Thanks to our chickens, who managed to escape their large run frequently this spring, many of our greens got off to a slow start. Therefore, when I want a salad, I have to meander about the yard grabbing bits here and there to make up a salad. I take up a bushel or the salad spinner and head out into the yard to see what I can find. The flavor and freshness of yard salad bowl me over, and I love adding whatever edible flowers we have for both decoration and flavor, depending.

We just used a light homemade vinaigrette and made a salad bar, so everyone could choose the salad components they liked — yard salad with herbs and flowers, a spicy mix with cress and sliced radishes, and a not-exactly-from-our-yard mix that includes cucumber, romaine, celery and pea shoots. I wasn’t sure if they mesclun would be too spicy for the kids since some of it had bolted in the warm weather but it turned out to be tame enough for their palates.

The kids picked some small not-quite-ready-yet french breakfast radishes while I cut the mesclun mix and cress (cress, tiny radishes and mesclun in spinner acros the top of the picture). I also gathered (going clockwise for rest of picture) parsley (far left), lambs quarters (pick them young — you can eat the stems if they’re young enough, or just the leaves if they’re woodier), some merveille de quatre saisons lettuce and bronze arrowhead lettuce, two varieties of kale and just a pinch of basil.

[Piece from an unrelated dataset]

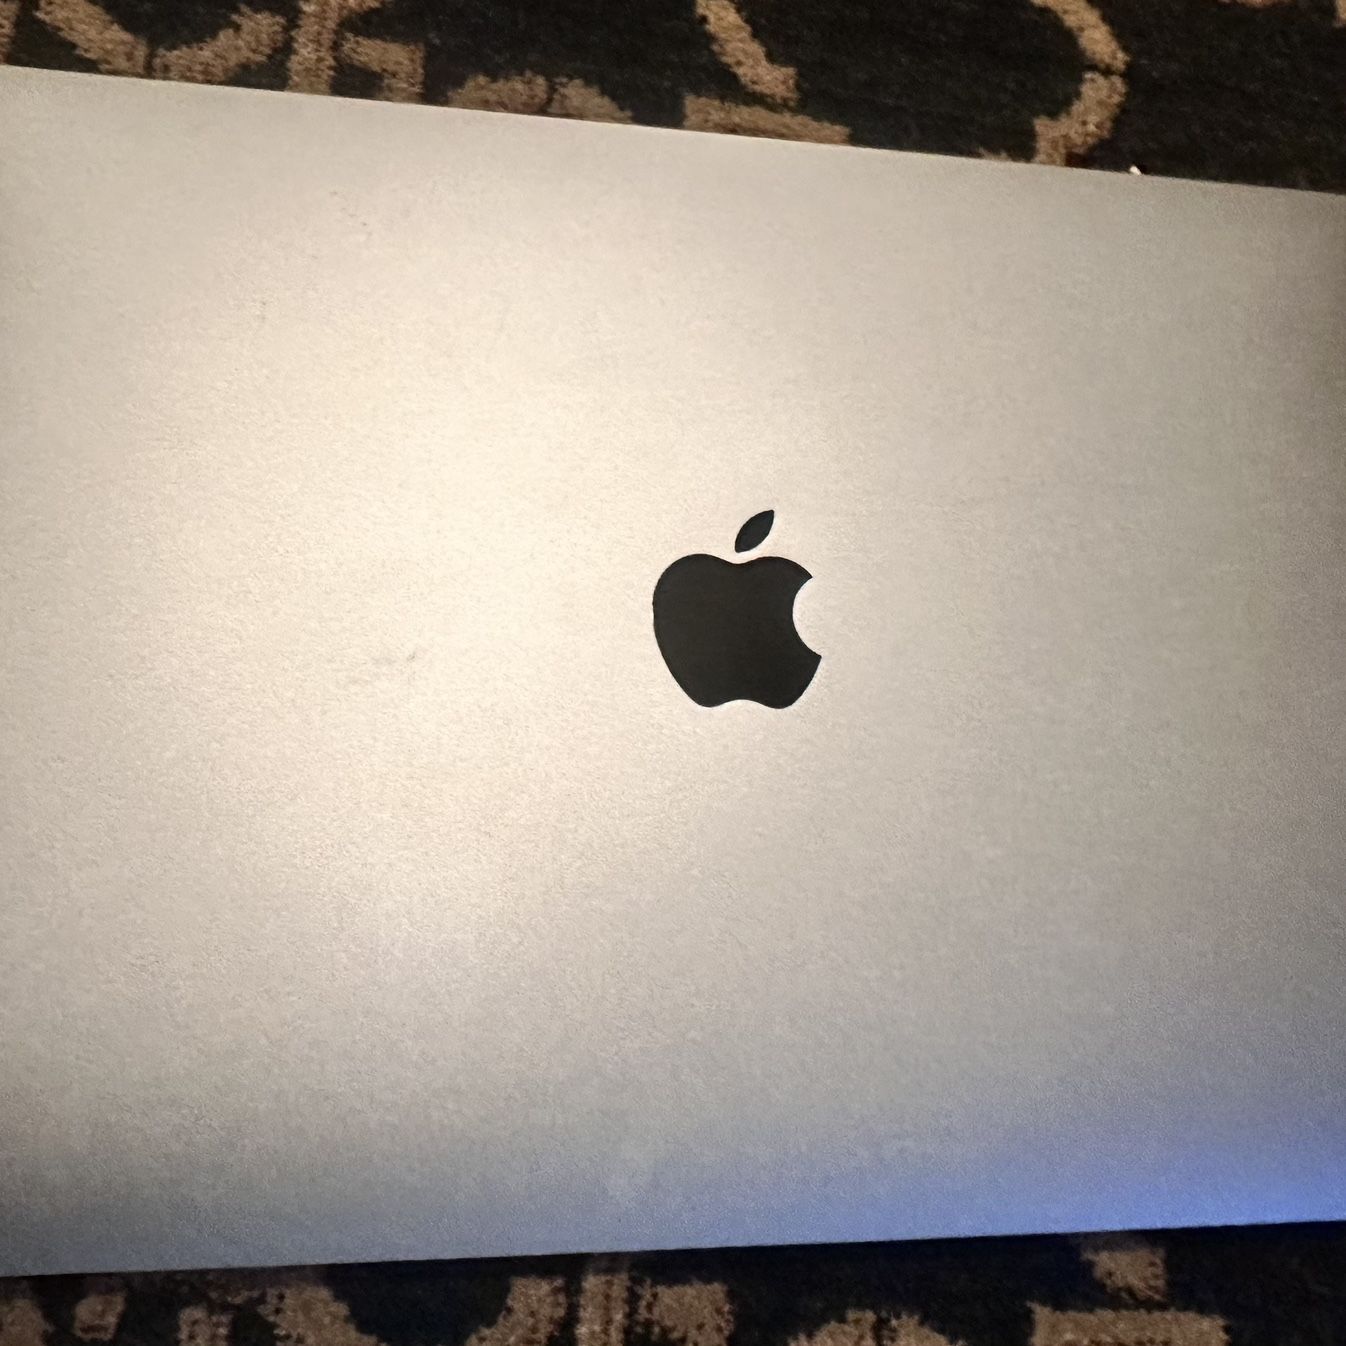 Apple MacBook Pro 13in (256GB SSD, M1, 8GB) Laptop - Space Gray - MYD82LL/A

These pictures are from a couple of weeks ago, and the rest of the radishes have poked their ruddy shoulders out of the ground and were eaten already. Our lambs quarters are at the point that I’m only picking leaves, and our parsley, which had overwintered, is starting to flower. The lettuces are offering up more than just a couple of small leaves, and the chard is also big enough to harvest so we’re still enjoying yard salad in all it’s seasonal variations. The chive flowers have passed, though i’m wondering if I’d chopped them all off and not allowed it to set seeds, if it would keep producing flowers — anyone have any experience with this? We’ve started adding rose petals and wood sorrel which are out now that earlier “weeds” like chickweed are also past their prime.

What do you scrounge from your yard for your salad?